Confused about encoding #35

Closed ccollie closed 2 years ago

ccollie commented 2 years ago

i'm resolving failing tests for cacache-level and have a question about encodings.

As I understand it, when I declare valueEncoding and keyEncoding in my constructor, abstract-level makes sure that the values passed to my implementation are properly converted in and out of storage.

According to test failures, it seems that this applies to set methods and not get. IOW, values sent to the database are encoded properly, but are not decoded for the consumer. Either that or the tests themselves do not account for encodings.

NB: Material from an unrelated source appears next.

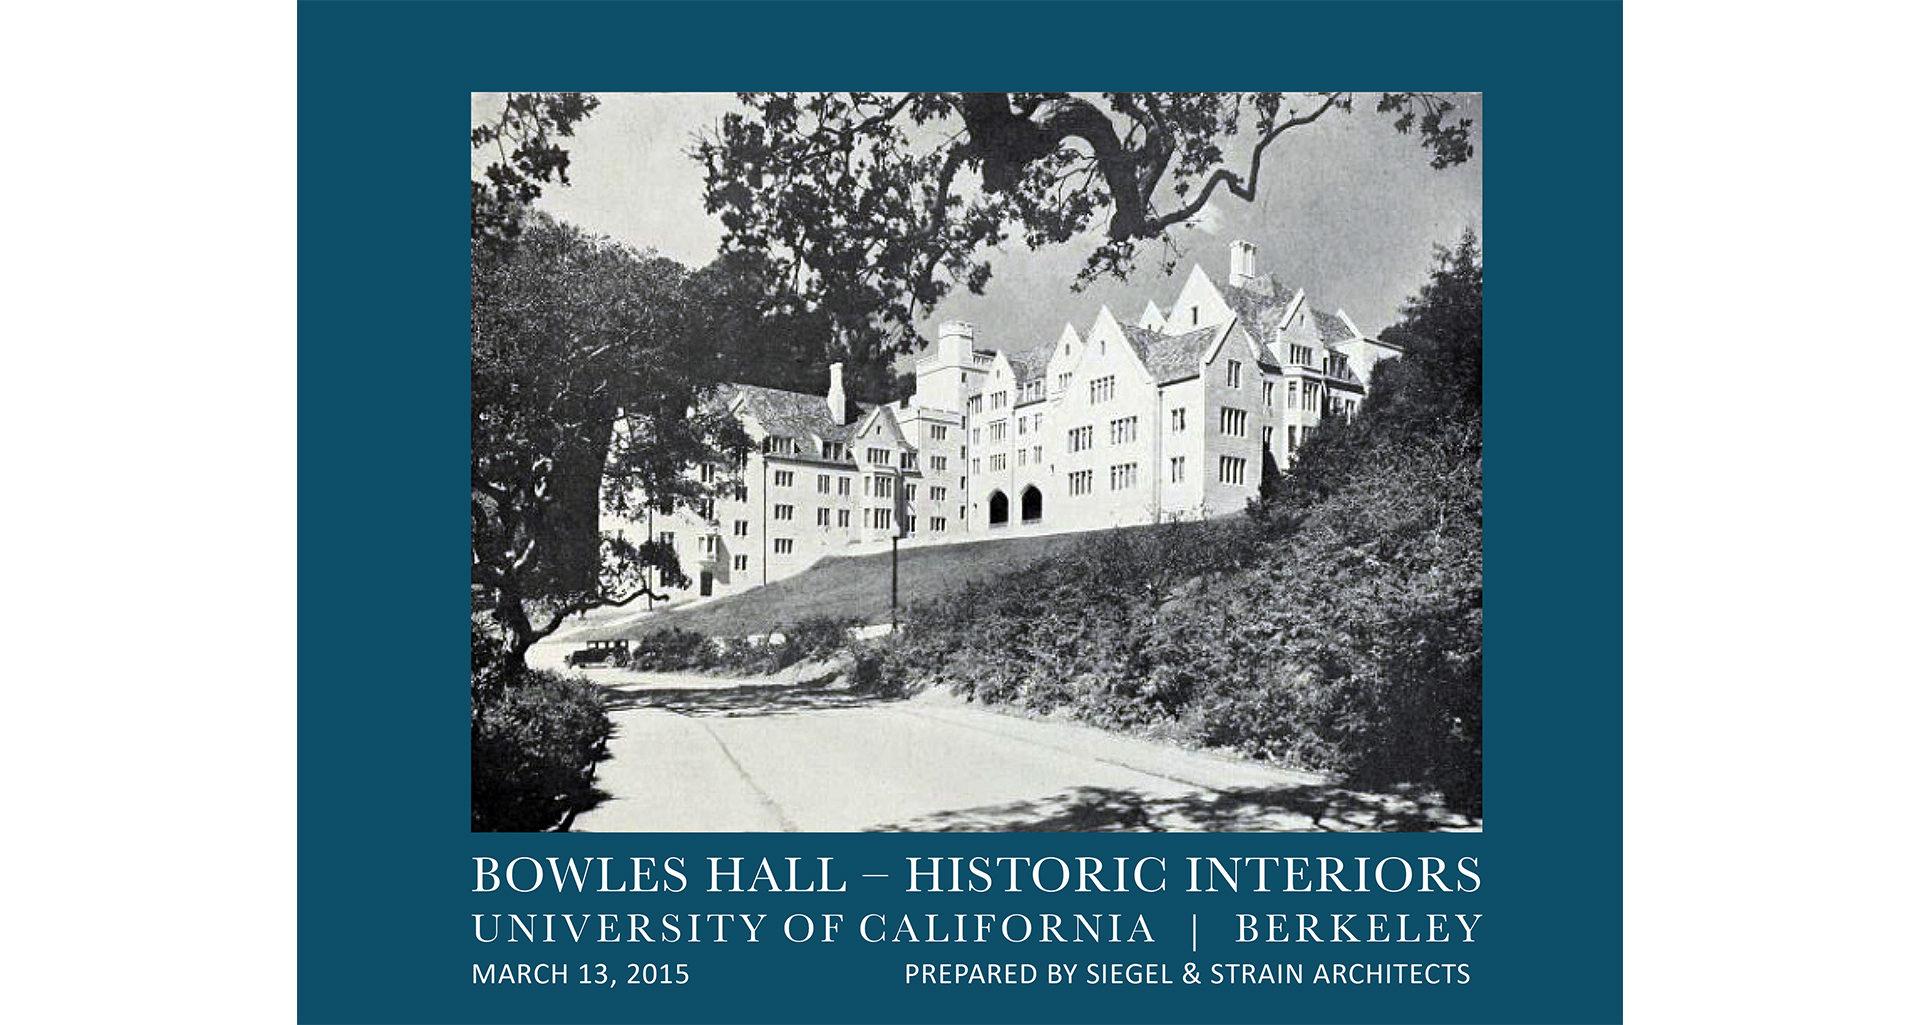 UC Berkeley Bowles Hall | Historic Interiors Report

As a concrete example, test simple put() always fails, because I specify valueEncoding as buffer (which the underlying lib returns), but the test compares against a plain string value without decoding. In addition, the encoding options sent to _get are exactly as set in the constructor, so there's no work to be done as far as the implementer can tell.

Any thoughts ?

vweevers commented 2 years ago

This is happening because of https://github.com/ccollie/cacache-level/blob/7a7aed5758dcbc566f196c7e9ee4e04bd4a61df1/index.js#L434-L438:

super({
  encodings: {
    buffer: true,
    utf8: true,
    view: true
  }
}, opts)

This tells the AbstractLevel constructor that your private API accepts input that is a buffer, string or view, and that it returns appropriate output types based on private options. Meaning, your implementation takes over some of the encoding responsibilities. You're then expected to handle all of these cases:

db._get(key, { keyEncoding: 'utf8', valueEncoding: 'utf8' }, callback) // Should yield string
db._get(key, { keyEncoding: 'buffer', valueEncoding: 'buffer' }, callback) // Should yield buffer
db._get(key, { keyEncoding: 'view', valueEncoding: 'view' }, callback) // Should yield Uint8Array
db._get(key, { keyEncoding: 'utf8', valueEncoding: 'buffer' }, callback) // And more permutations

What you probably want instead, assuming that cacache works with buffers:

super({
  encodings: {
    buffer: true
  }
}, opts)

Then you're only expected to handle the following case (and abstract-level will handle encoding from/to buffers):

db._get(key, { keyEncoding: 'buffer', valueEncoding: 'buffer' }, callback) // Should yield buffer

The second issue is that you're currently always overriding the keyEncoding and valueEncoding options (here), which are instead meant to be set by consumers (including the test suite).

vweevers commented 2 years ago

Note, atm there's unfortunately no way to specify that your private API wants string keys but buffer values; the encodings option applies to both keys and values.

vweevers commented 2 years ago

Closing because I assume the question has been answered.